The minutes at this stage show that there was a doubt as to the disposition of the Speaker, Mr. Moore, to place the best men as chairmen of the several committees. Mr. Moore had peculiar notions of his own about land claims, and had placed upon the committee, I think, Robert Newell, as favoring his and Dr. McLaughlin’s pretensions to the entire water privileges at Wallamet Falls, which resulted in the appointment as above stated. The record seems to convey the idea that the first appointment was conferred by vote. This was not the case. It was the final action that was repeated and entered.
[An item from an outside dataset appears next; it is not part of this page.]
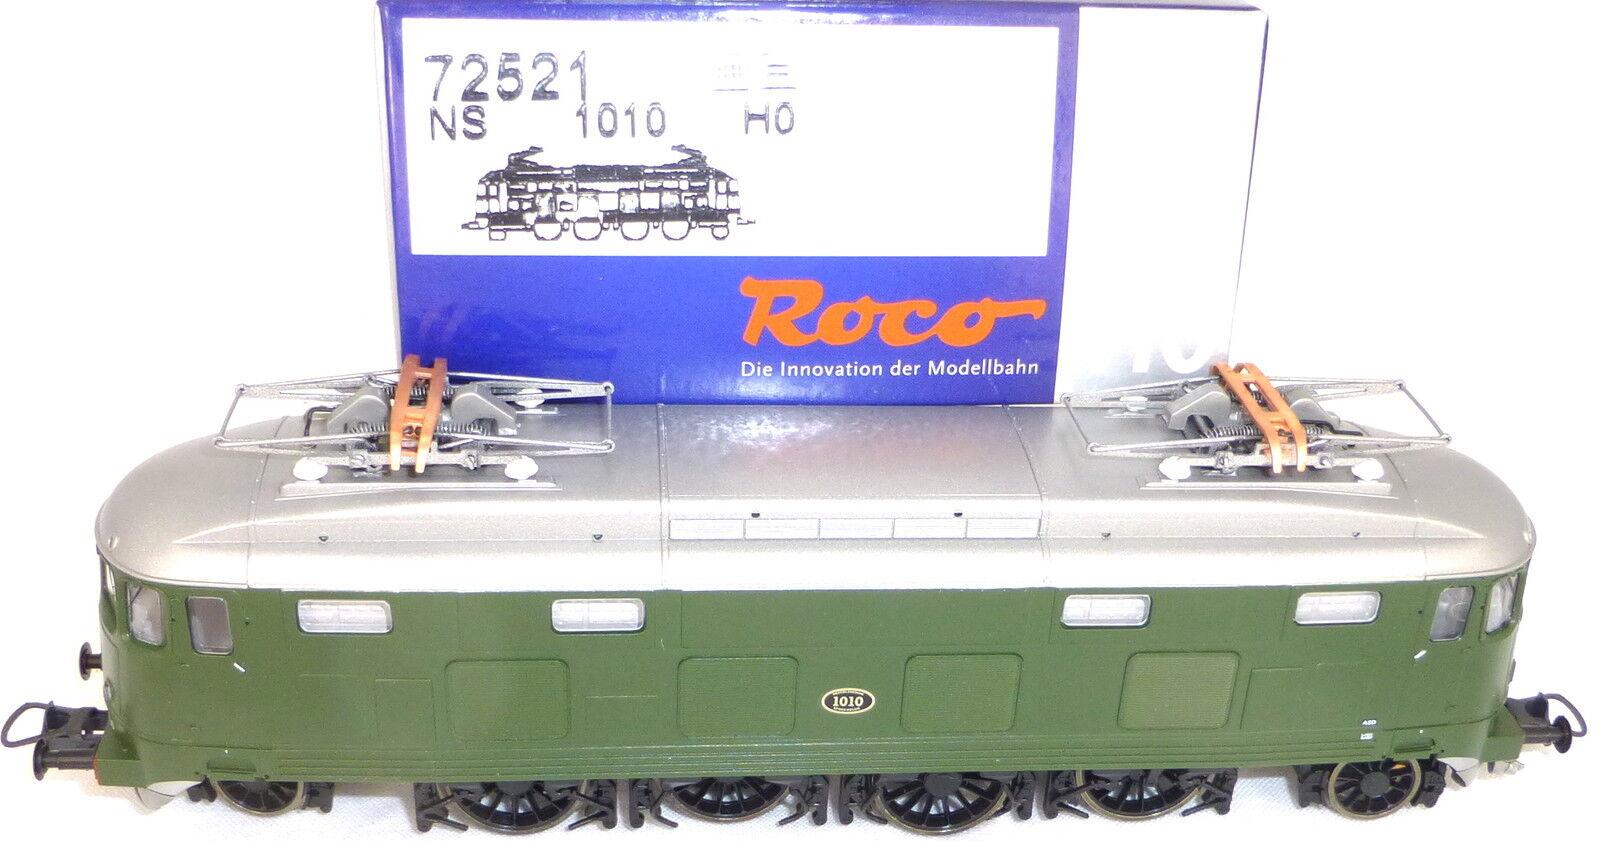 Ns serie 1000 ellok verde epiii nem kkk DSS roco 72521 h0 1 87 nuevo embalaje original ka4 µg

“On motion, a committee, consisting of Hubbard, Newell, and Gray, was appointed on military affairs.”

We have not the original documents to refer to, but are of the impression that considerable correction was made in the first day’s journal, and that more should have been made at the time. There was a little feeling on the part of the Speaker and the writer as to the necessity of an extended minute, and a disposition on the part of Mr. Le Breton to do as little writing as possible, not for want of time and material, but, from the deep interest he took in the discussions, he seemed to forget his work. I am not prepared to think the compiler has abridged the minutes, yet such may be the fact.
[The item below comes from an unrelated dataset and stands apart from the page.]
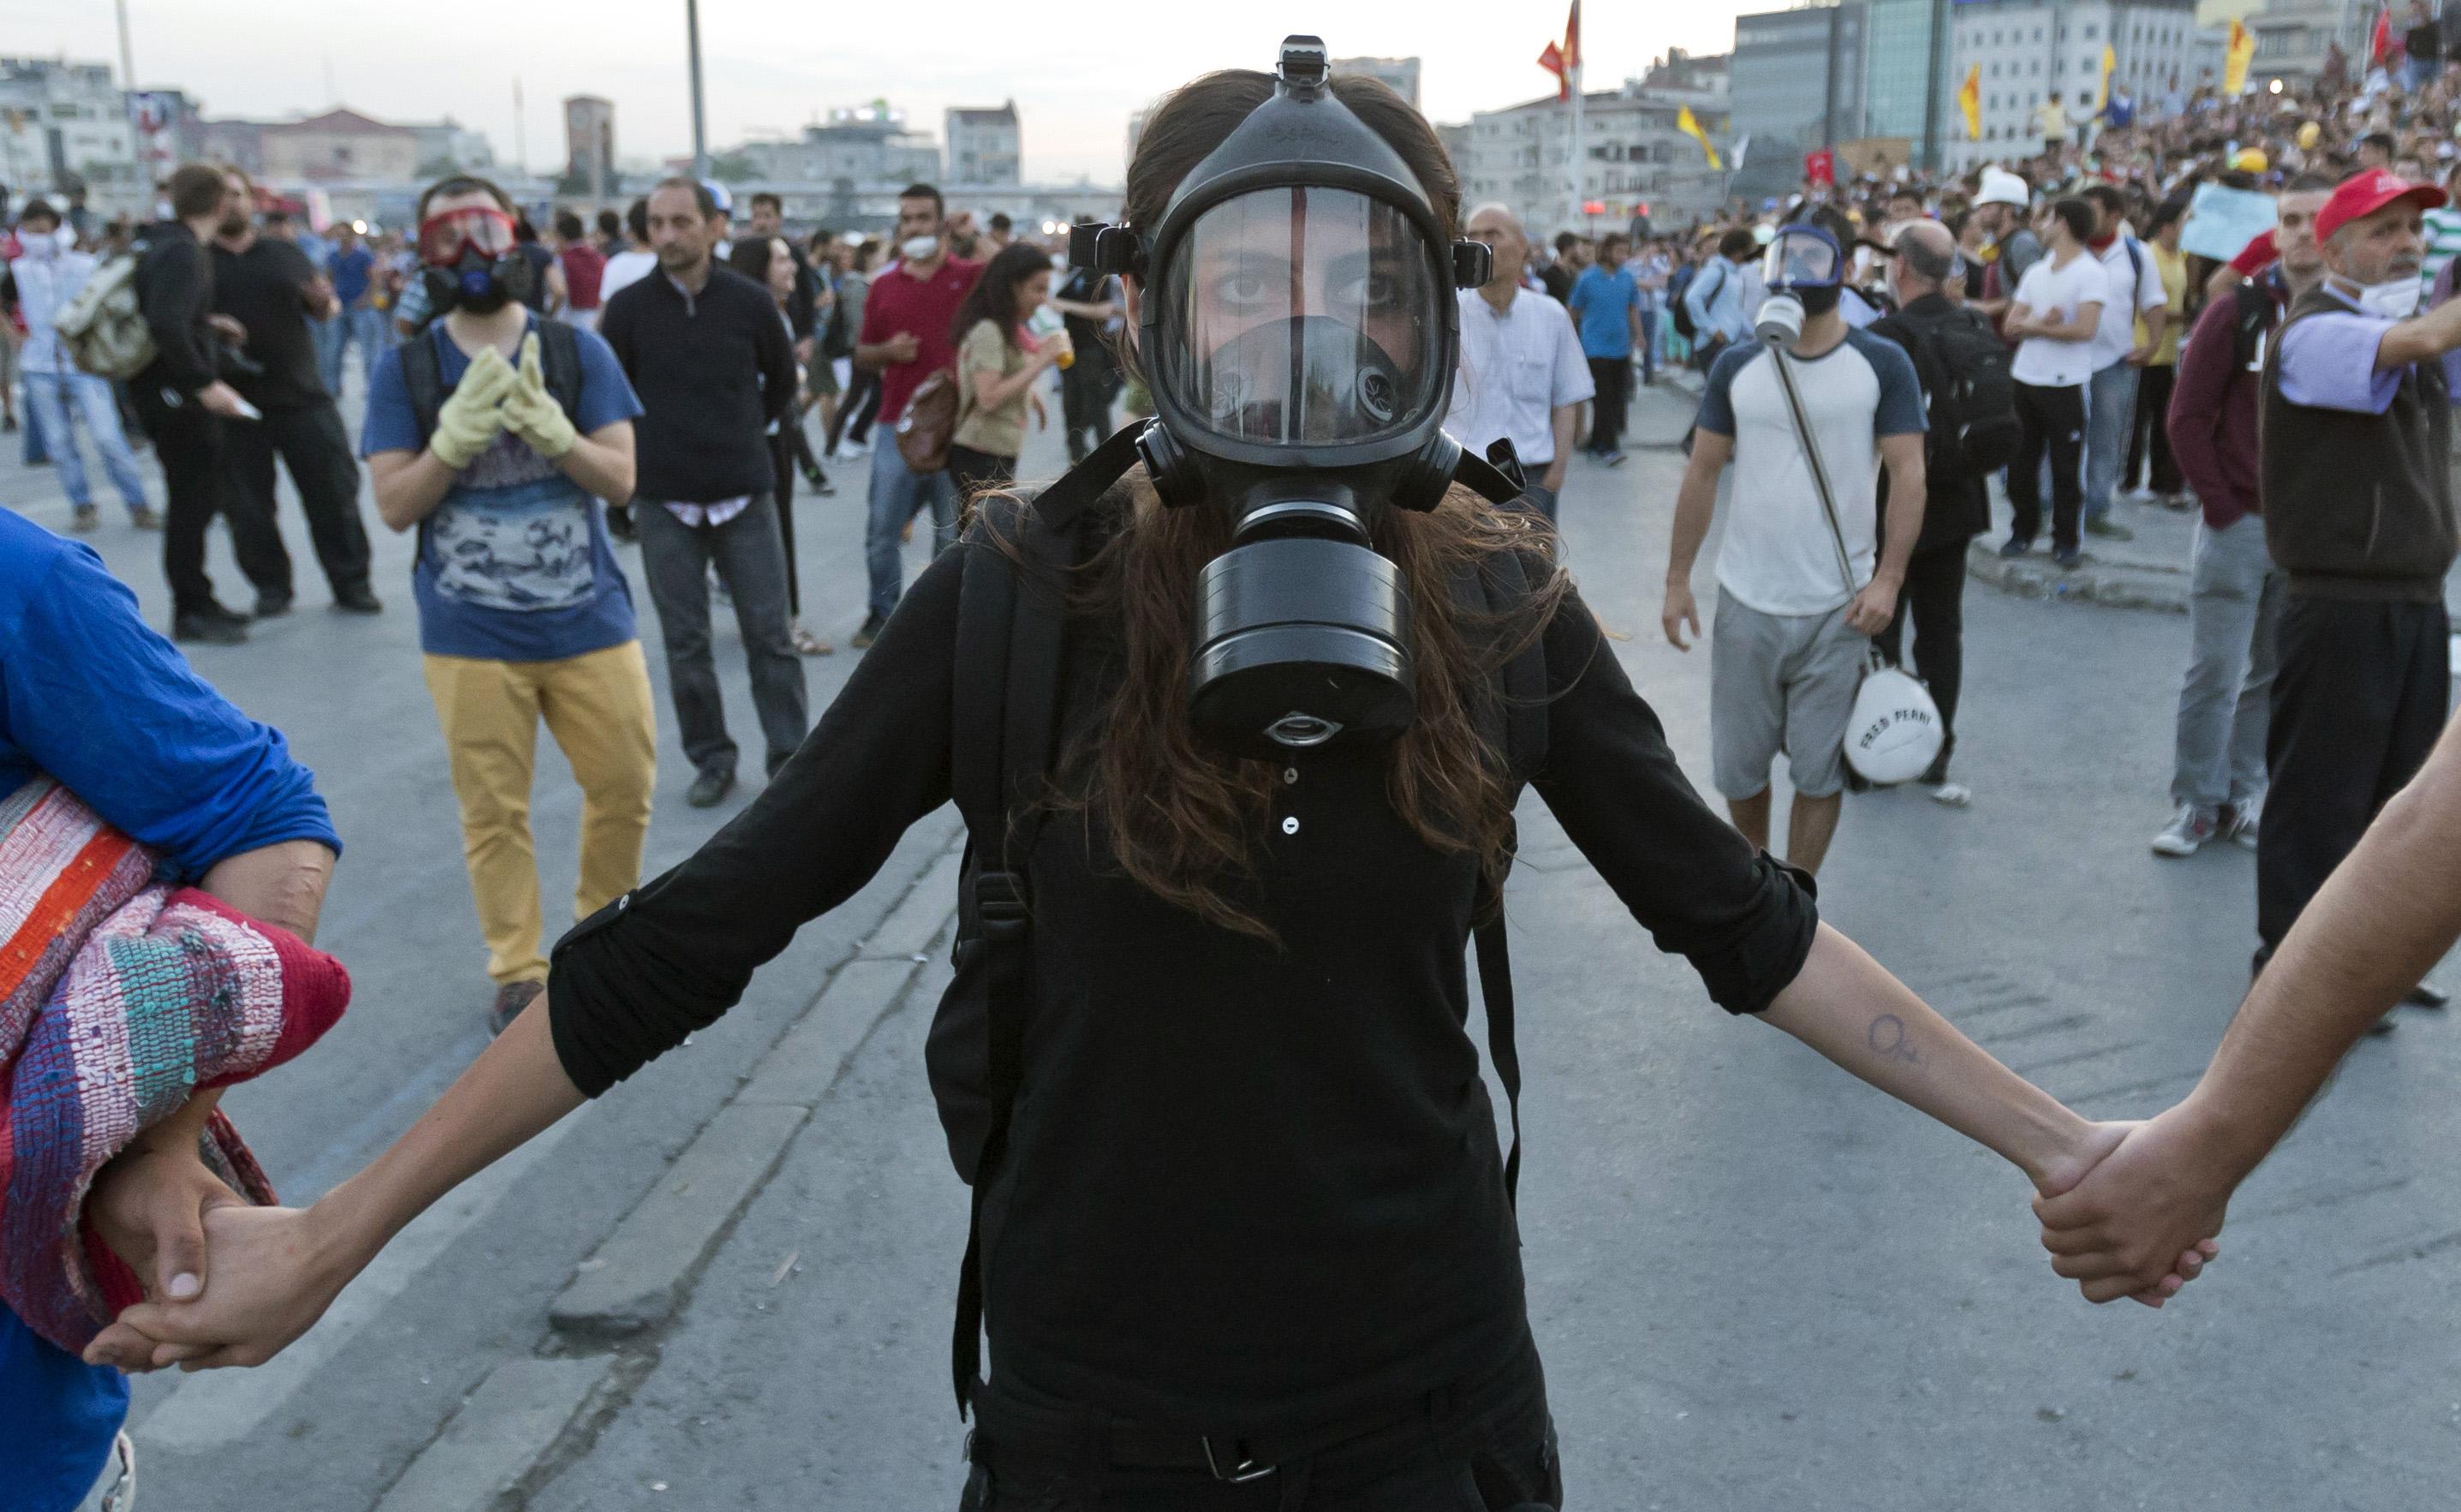 وضعیت حقوق بشر در ترکیه وخیم است

“On motion, Messrs. Shortess, Dougherty, and Hill were appointed a committee on private land claims.

“On motion, Messrs. Gray, Dougherty, and Beers were appointed a committee on districting the Territory into not to exceed five districts.”

This committee, it seems by the motion, was to be appointed by the chairman or Speaker.

“Adjourned to 8 o’clock, A. M., May 17, 1843.

“The house was called to order by the chairman, and Mr. Gray appointed secretary, pro tem. The session was then opened with prayer by A. Beers. The minutes of yesterday’s session were then read, corrected, and accepted.”

The house then adjourned for one hour and a half to prepare business, at the expiration of which time they were called to order by the chairman.

The judiciary committee reported progress. The military committee reported in part; also committee on districts.

“Reports accepted.

“It was moved that there be a standing committee on finance, which was lost, as the vote at Champoeg had directed that the finance of the government should be by subscription and voluntary contribution.